Data block:
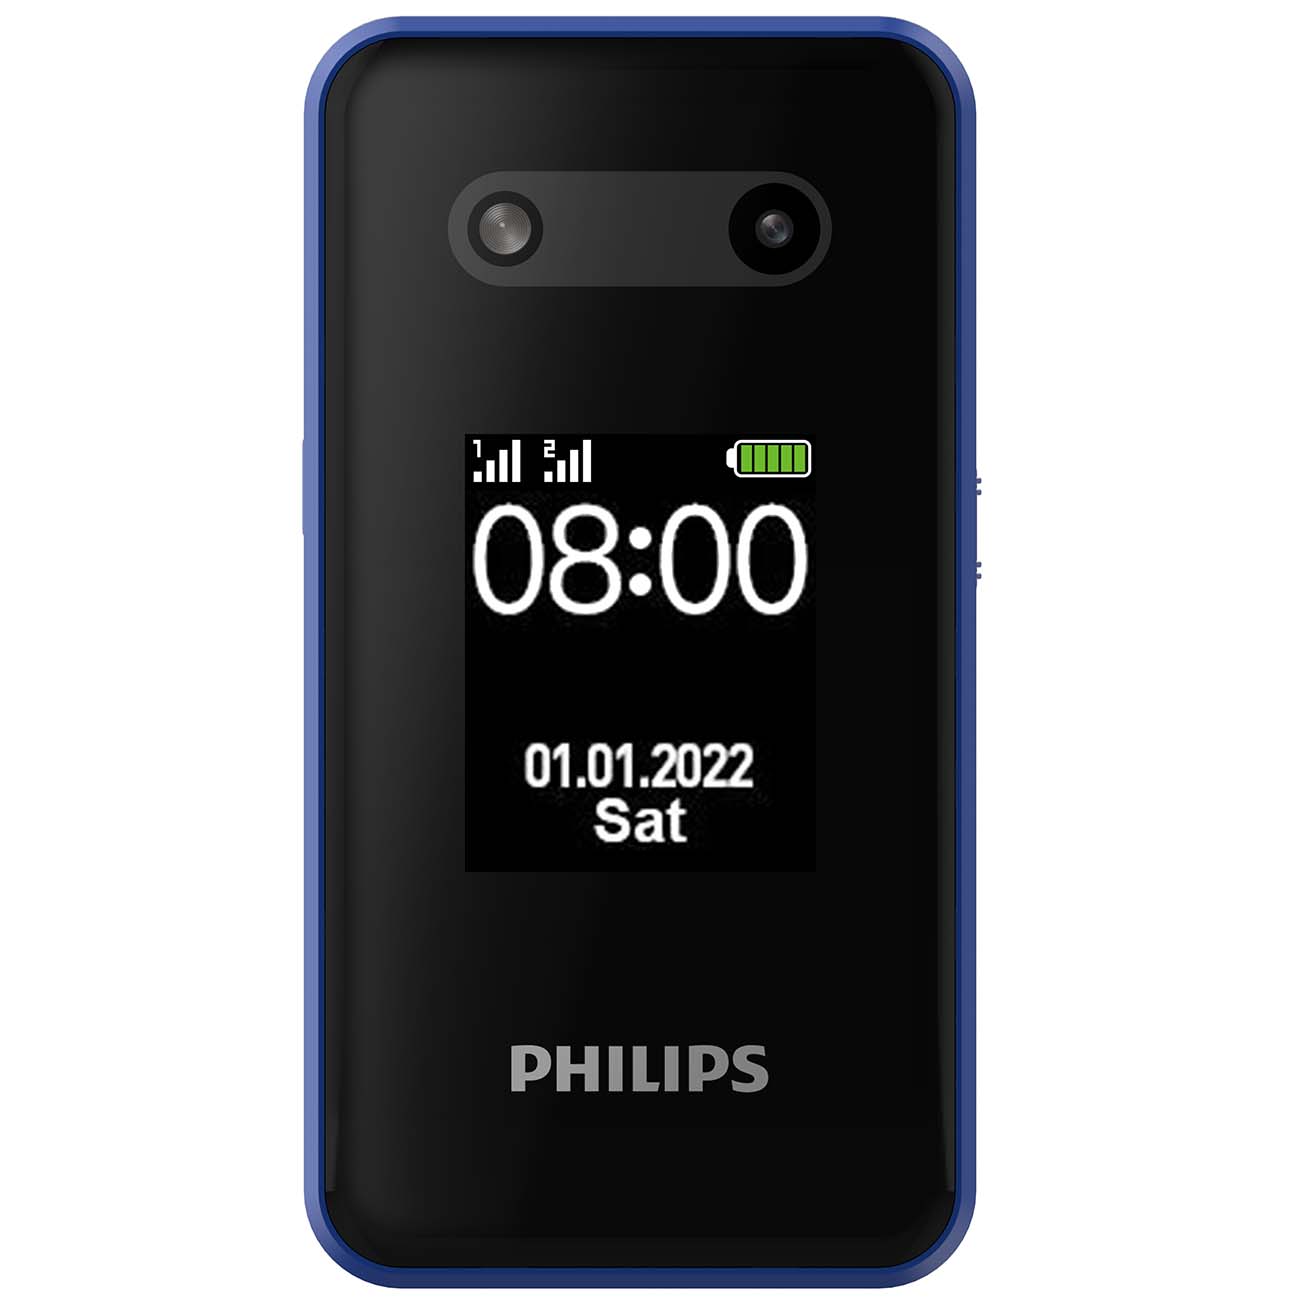 Philips xenium синий. Philips Xenium e2602. Сотовый телефон Philips Xenium e2602. Philips Xenium e2602 Blue. Сотовый телефон Philips Xenium e2602, синий.
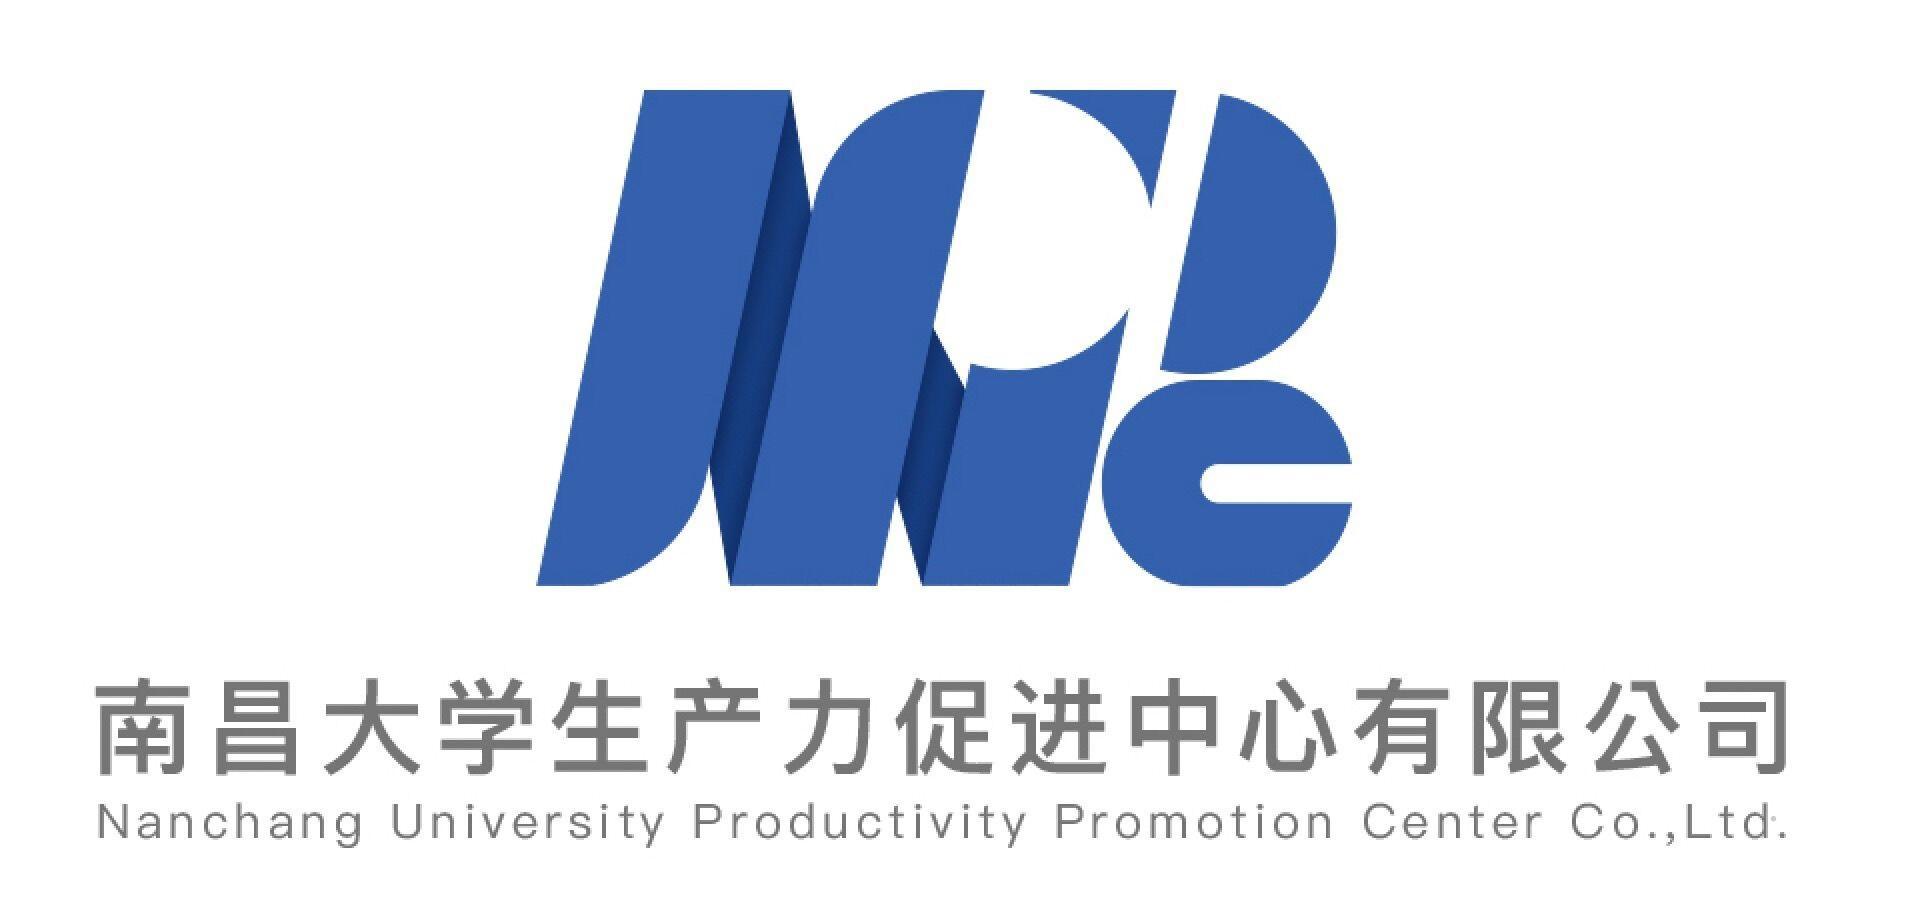 南昌大学生产力促进中心有限公司 NANCHANG UNIVERSITY PRODUCTIVITY PROMOTION CENTER CO.,LTD广告销售
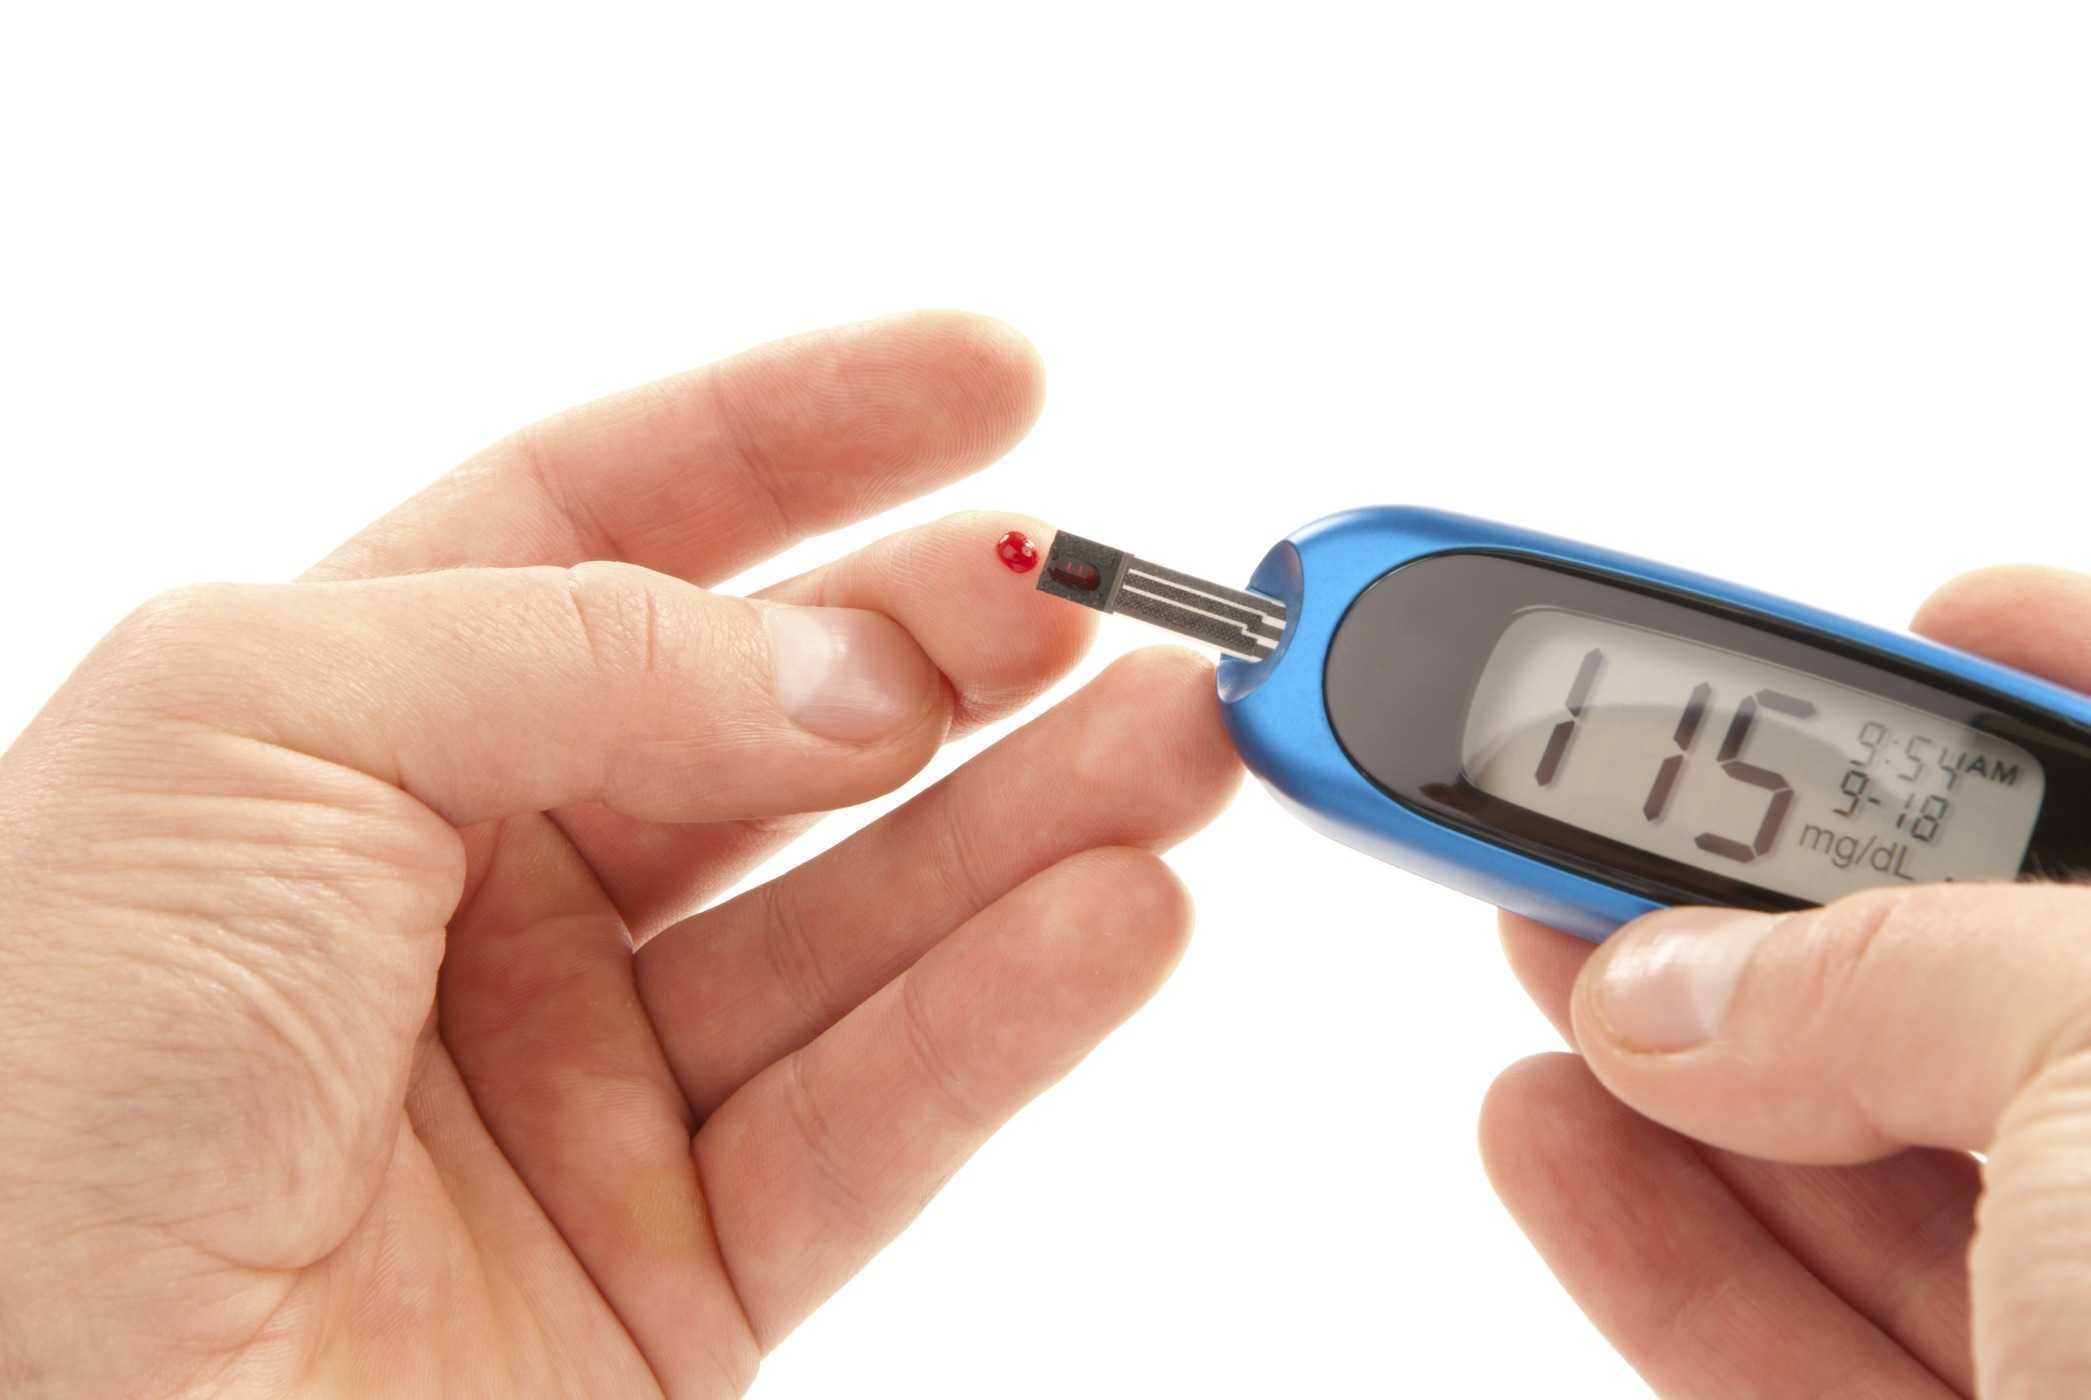   5 cách phòng ngừa biến chứng bệnh tiểu đường: đo huyết áp, chăm sóc đôi chân mỗi ngày

Work required:
Repeat the listing above from its first line through the line that contains "南昌大学生产力促进中心有限公司 NANCHANG UNIVERSITY", both included, and nothing more. Drop the pictures.

Exercise result:
 Philips xenium синий. Philips Xenium e2602. Сотовый телефон Philips Xenium e2602. Philips Xenium e2602 Blue. Сотовый телефон Philips Xenium e2602, синий.
 南昌大学生产力促进中心有限公司 NANCHANG UNIVERSITY PRODUCTIVITY PROMOTION CENTER CO.,LTD广告销售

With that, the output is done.